Repeat exactly the lines of the material below that run from the "giovani professionisti che" line to the "Нововведения МММ-2012 от 2 октября 2012" line, including both, and do not carry over any pictures.

- **Given information**:

▼▼▼

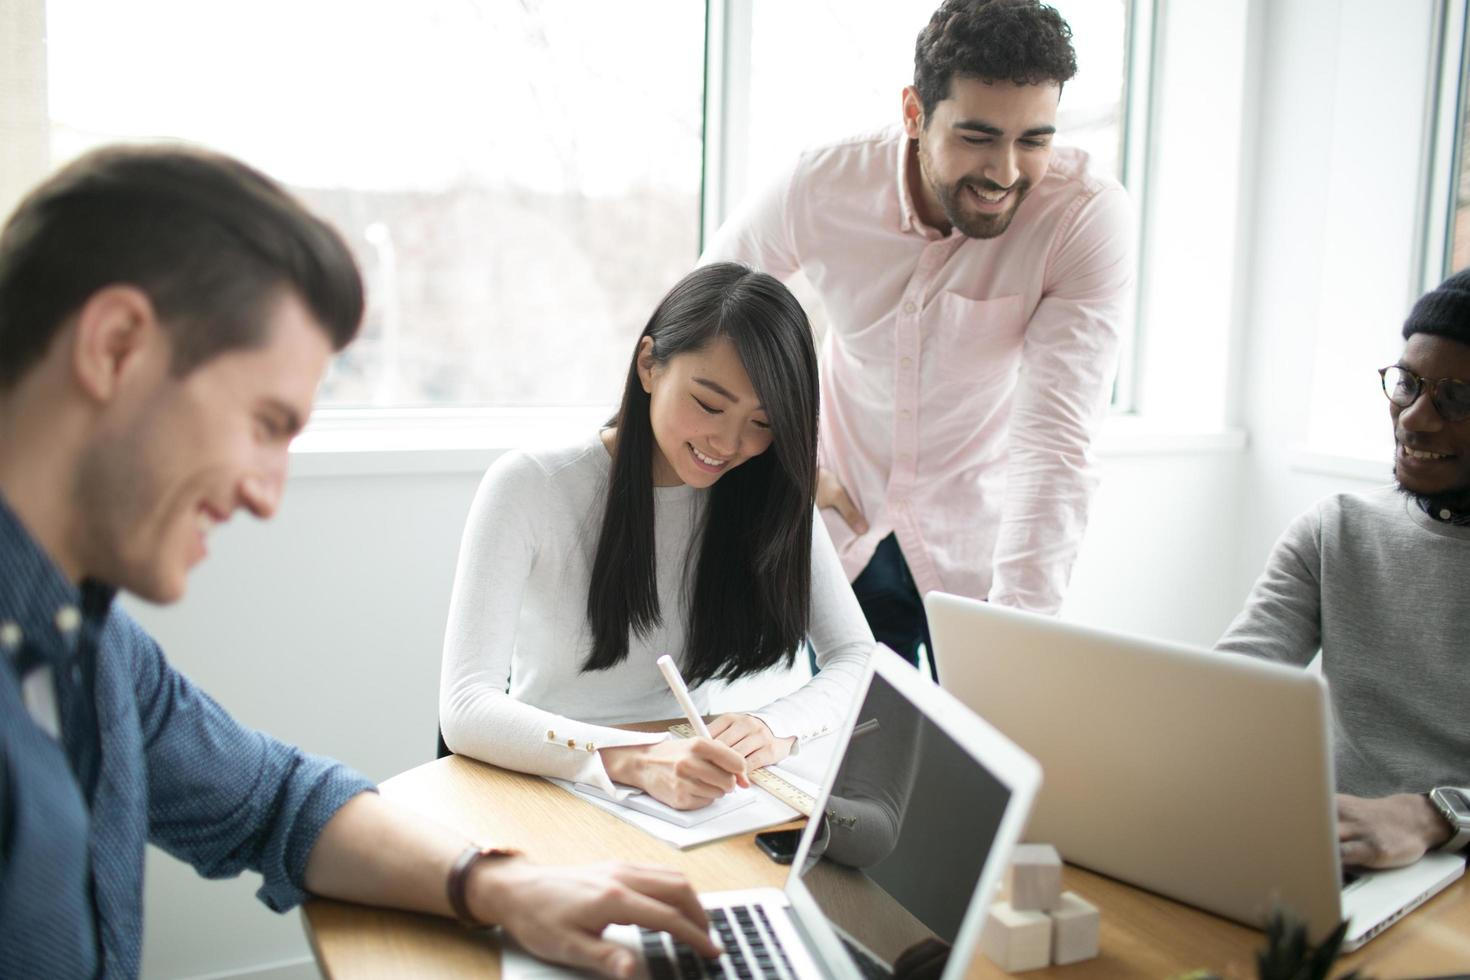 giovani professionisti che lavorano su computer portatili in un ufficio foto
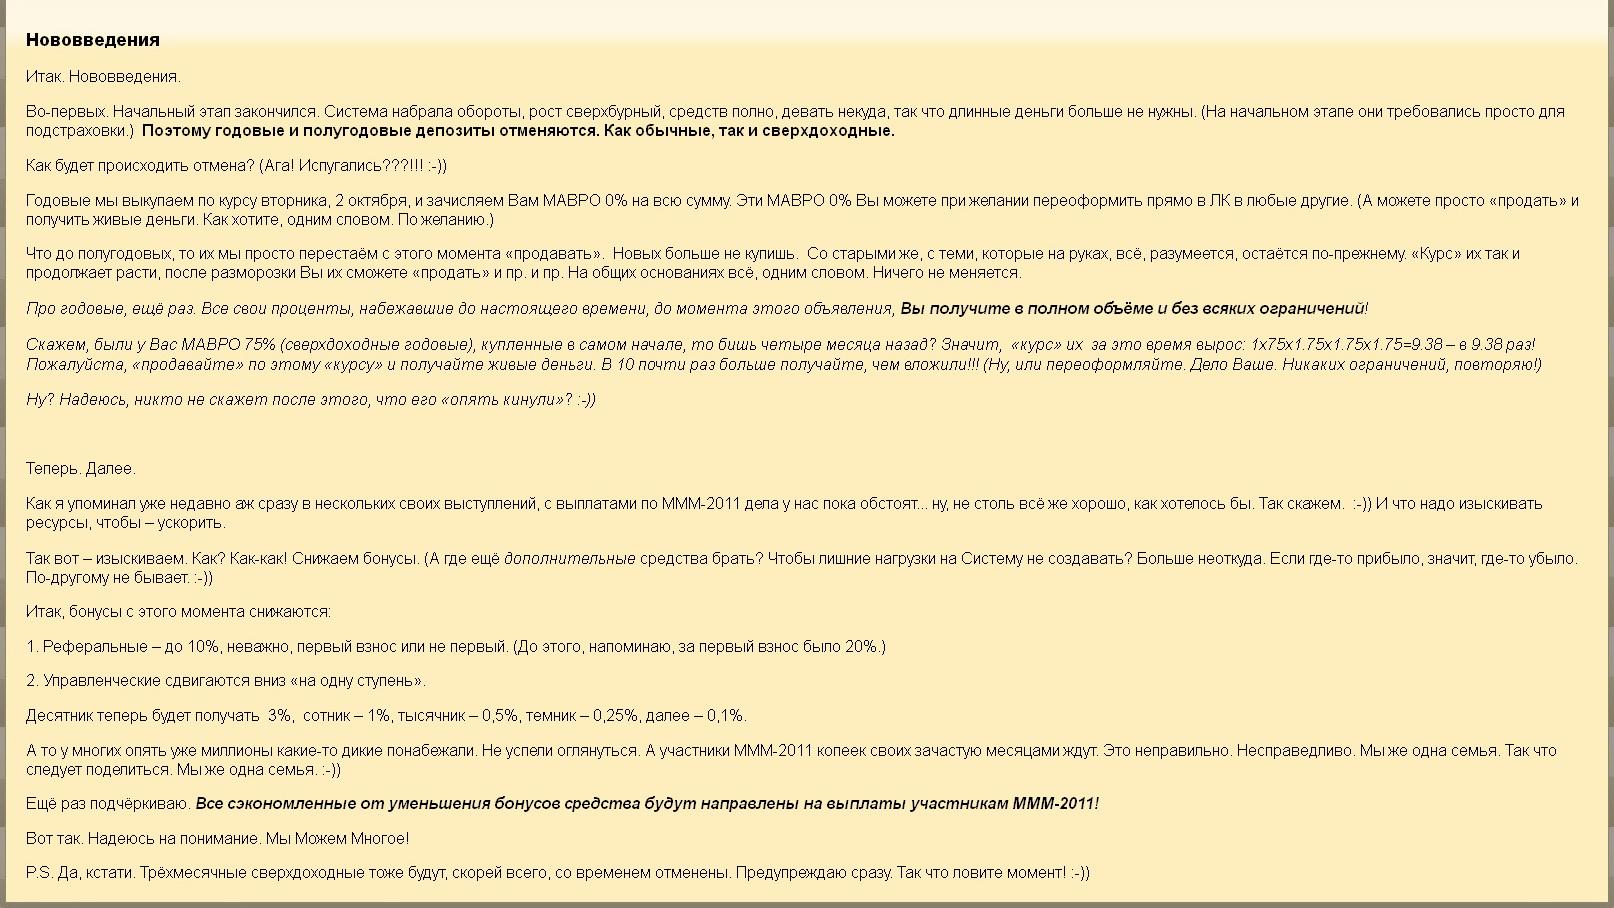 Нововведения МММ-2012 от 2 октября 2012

▲▲▲
▼▼▼

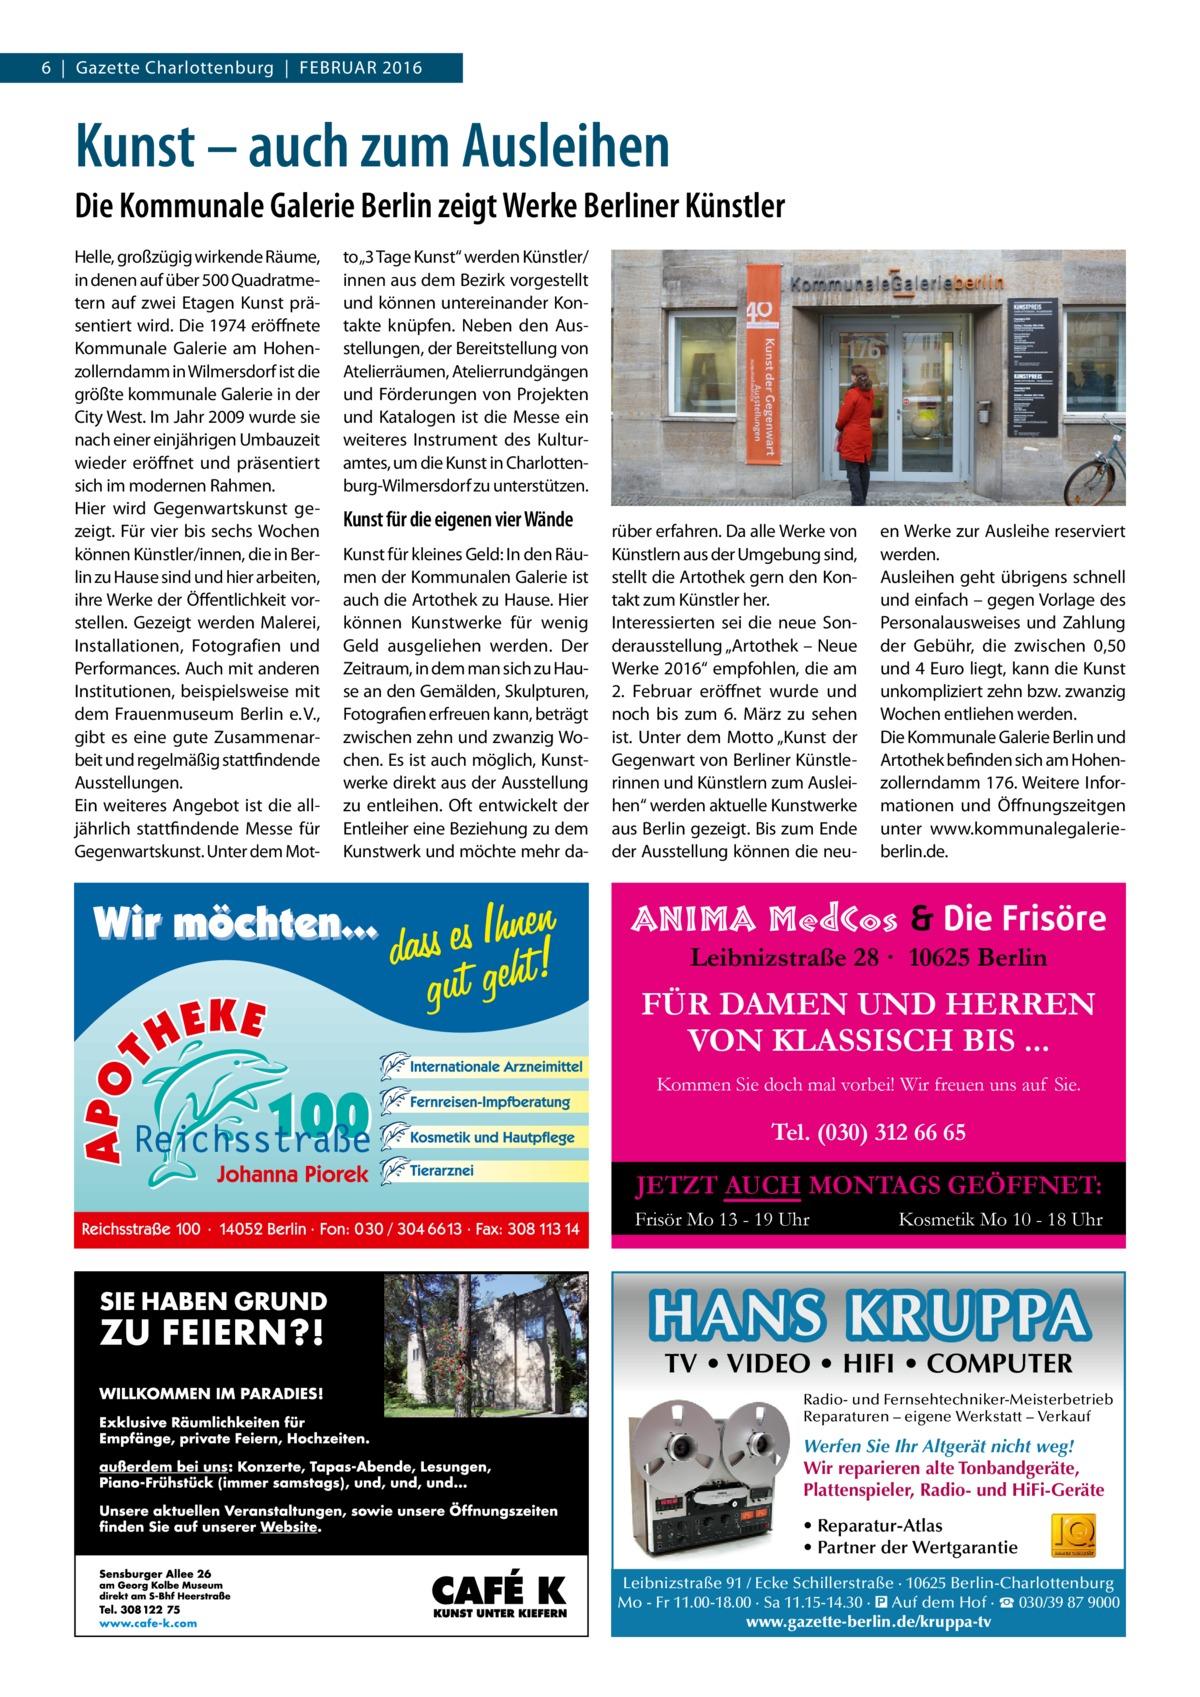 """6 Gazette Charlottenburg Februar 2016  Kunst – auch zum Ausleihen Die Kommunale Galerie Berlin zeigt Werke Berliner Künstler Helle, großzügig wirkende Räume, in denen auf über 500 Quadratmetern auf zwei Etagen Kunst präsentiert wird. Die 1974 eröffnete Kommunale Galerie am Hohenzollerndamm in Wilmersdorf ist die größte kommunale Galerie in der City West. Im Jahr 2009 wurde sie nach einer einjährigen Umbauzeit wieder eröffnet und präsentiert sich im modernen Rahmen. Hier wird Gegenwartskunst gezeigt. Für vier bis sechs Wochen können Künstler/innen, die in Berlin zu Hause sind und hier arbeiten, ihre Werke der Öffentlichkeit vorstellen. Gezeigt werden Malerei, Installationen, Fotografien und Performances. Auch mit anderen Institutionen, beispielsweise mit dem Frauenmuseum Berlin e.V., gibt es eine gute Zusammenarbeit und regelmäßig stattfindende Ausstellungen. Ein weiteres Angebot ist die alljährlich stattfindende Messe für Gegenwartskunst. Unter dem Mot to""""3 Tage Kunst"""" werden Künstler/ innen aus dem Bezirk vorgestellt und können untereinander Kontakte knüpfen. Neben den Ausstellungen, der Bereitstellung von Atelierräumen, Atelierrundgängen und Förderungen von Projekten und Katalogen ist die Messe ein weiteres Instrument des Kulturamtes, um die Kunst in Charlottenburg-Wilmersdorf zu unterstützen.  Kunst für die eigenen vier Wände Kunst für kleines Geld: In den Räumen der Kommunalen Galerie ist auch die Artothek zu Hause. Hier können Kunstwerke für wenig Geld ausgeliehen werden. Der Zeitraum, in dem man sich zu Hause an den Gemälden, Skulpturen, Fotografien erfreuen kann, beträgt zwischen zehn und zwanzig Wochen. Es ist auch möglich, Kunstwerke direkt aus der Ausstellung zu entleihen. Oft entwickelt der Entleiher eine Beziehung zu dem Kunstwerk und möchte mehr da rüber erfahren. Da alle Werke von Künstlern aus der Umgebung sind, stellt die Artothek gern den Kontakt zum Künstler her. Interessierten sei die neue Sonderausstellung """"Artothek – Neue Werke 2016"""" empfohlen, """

▲▲▲
▼▼▼

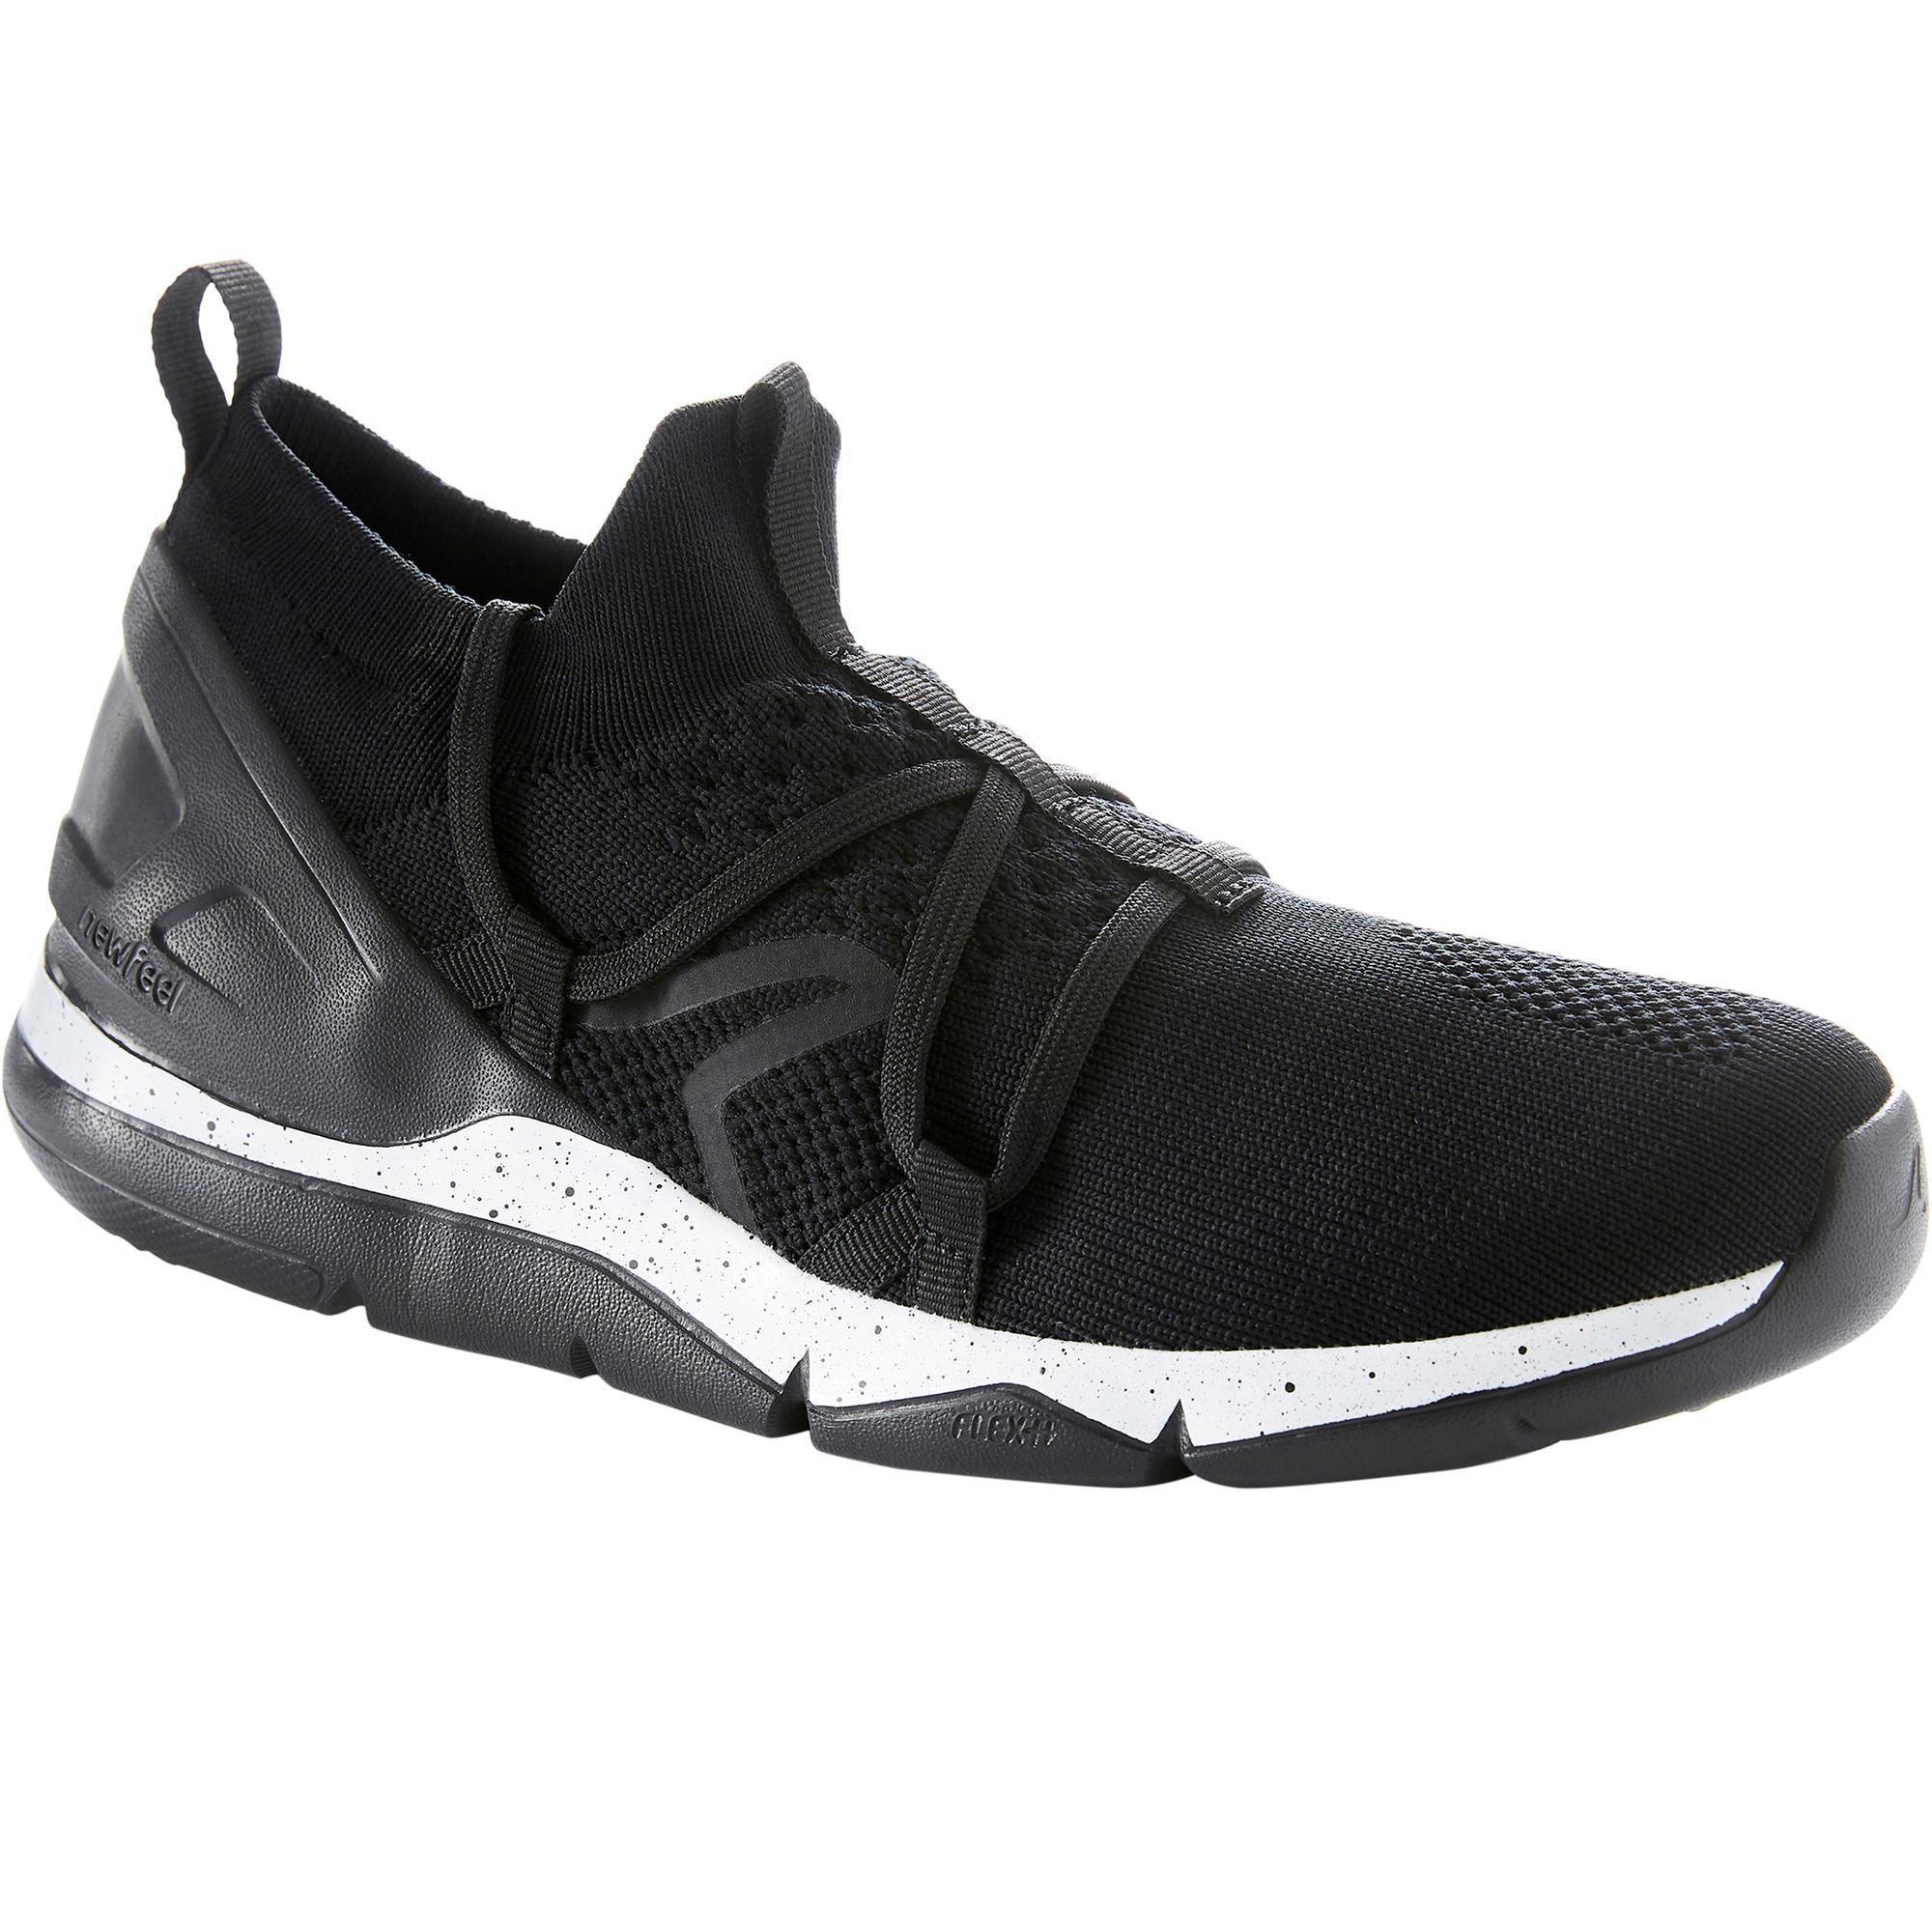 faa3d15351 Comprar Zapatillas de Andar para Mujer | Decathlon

▲▲▲

- **Response to the exercise**:
 giovani professionisti che lavorano su computer portatili in un ufficio foto
 Нововведения МММ-2012 от 2 октября 2012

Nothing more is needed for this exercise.